Teresa so graciously allowed me into her little family and I allowed them into ours. I took Christmas pictures, was invited to birthday parties, attended karaoke parties, was there for laughter and tears, I was honored when Teresa invited me to her wedding not only as a photographer but also as a friend. I was called when Lucas lost his first tooth because this was a milestone Teresa had waited endlessly for. Now besides the contagious crinkle nose, drool-y smiles I would get upon saying his name, I would get to experience the gap tooth smile we had so eagerly awaited.Lucas had his seventh birthday party at a bowling alley and I saw so many smiles and so much excitement from Lucas. It was such a wonderful day and again I was so blessed to be asked to join them on this special day.

Now to the part I really don’t want to discuss. Lucas isn’t doing so good. He is in the hospital awaiting a very complicated surgery tomorrow that the doctors have never attempted on anyone else before and it is unknown what will happen during or after surgery. I’ve taken the following information directly from his Caring Bridge site because I could never begin to explain the things Teresa can so eloquently state:

The future –  on monday he will undergo and very extensive and intricate cervical spine fusion surgery lasting up to 10 hours.

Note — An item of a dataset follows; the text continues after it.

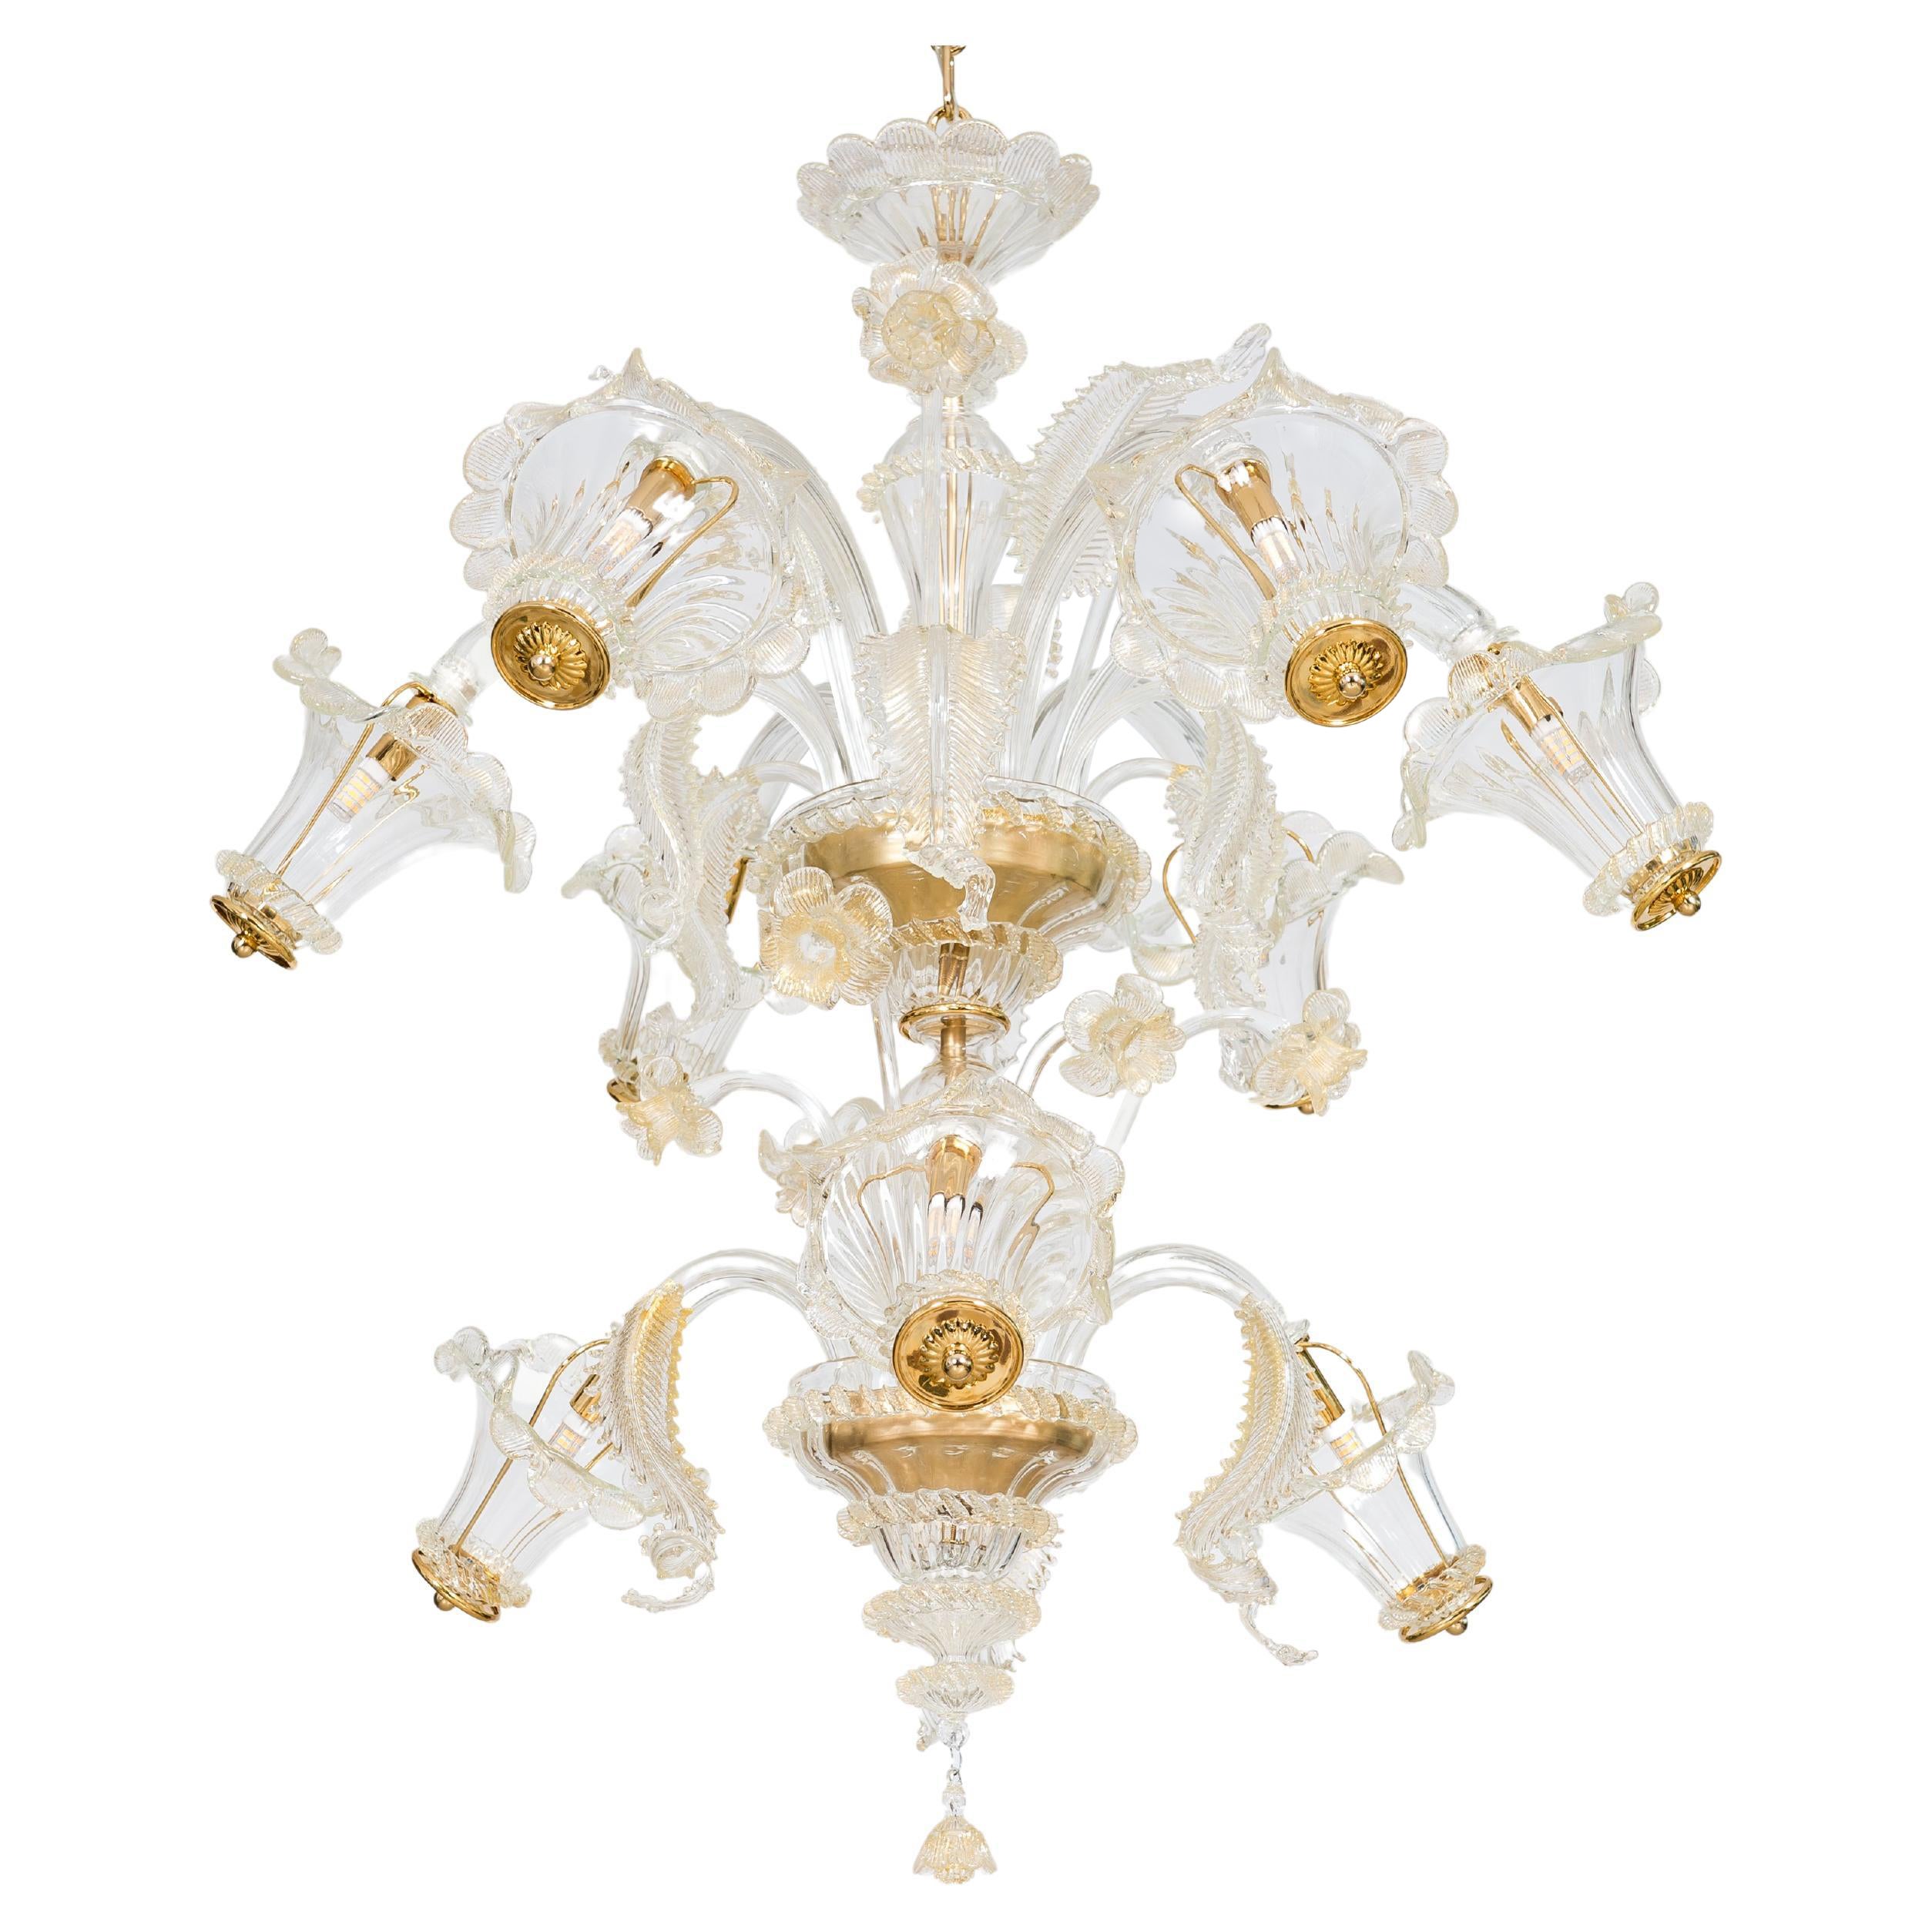 Golden Murano Glass Chandelier with 9 Lights, 21st Century, Italy For Sale

His rib will be harvested for proper bone fusion, he will enter the world Christopher Reeves, minus the vent, with some crazy headgear called a halo where barbaric nuts and bolts are screwed in his skull. We hope that with Lucas’s history of weakened bones, it holds.    After the surgery, he may regain what he lost but it’s doubtful. The main purpose of the surgery is to prevent further damage, mainly keep him alive. If his cord gets damaged further, he’ll stop breathing and end up on a vent or worse.

It is the best of the worst options.  I try to stick with the old tried and trued saying that everything happens for a reason but I’m not sure I’m on board with paralysis in a kid who is already in a wheelchair due to  other undiagnosed developmental delay.  I guess the good news that we are already well eqipped to handle this.  It would be much different but equally devastating if Lucas were a normal healthy 7 year old.

Did I mention that Lucas also has what appears to have a tumor in his brain?  We’ll figure out the status-quo of that issue at a later time.  Right now it’s on the back burner with his hip dislocation.

Gillette, now part of my medical heart, has built-in compassion and caring that can only be replicated by other specialized childrens facilities.  Their kindness has kept me from jumping over the edge of insanity.  I’m still teetering though.  When I asked the pediactric neurosurgeon how many surgeries like this he has performed.  He smiled nervously and said “none.”  Trust is imperative.

So now I’m going to be selfish! I’m not ready by any means to take Lucas’s last images. He needs to make it through this surgery just as he has many others. He needs to open his eyes and smile when he hears his name or when someone says “Ouch!” If he is in the halo, it will just be part of his Super Hero costume and it will be decorated appropriately.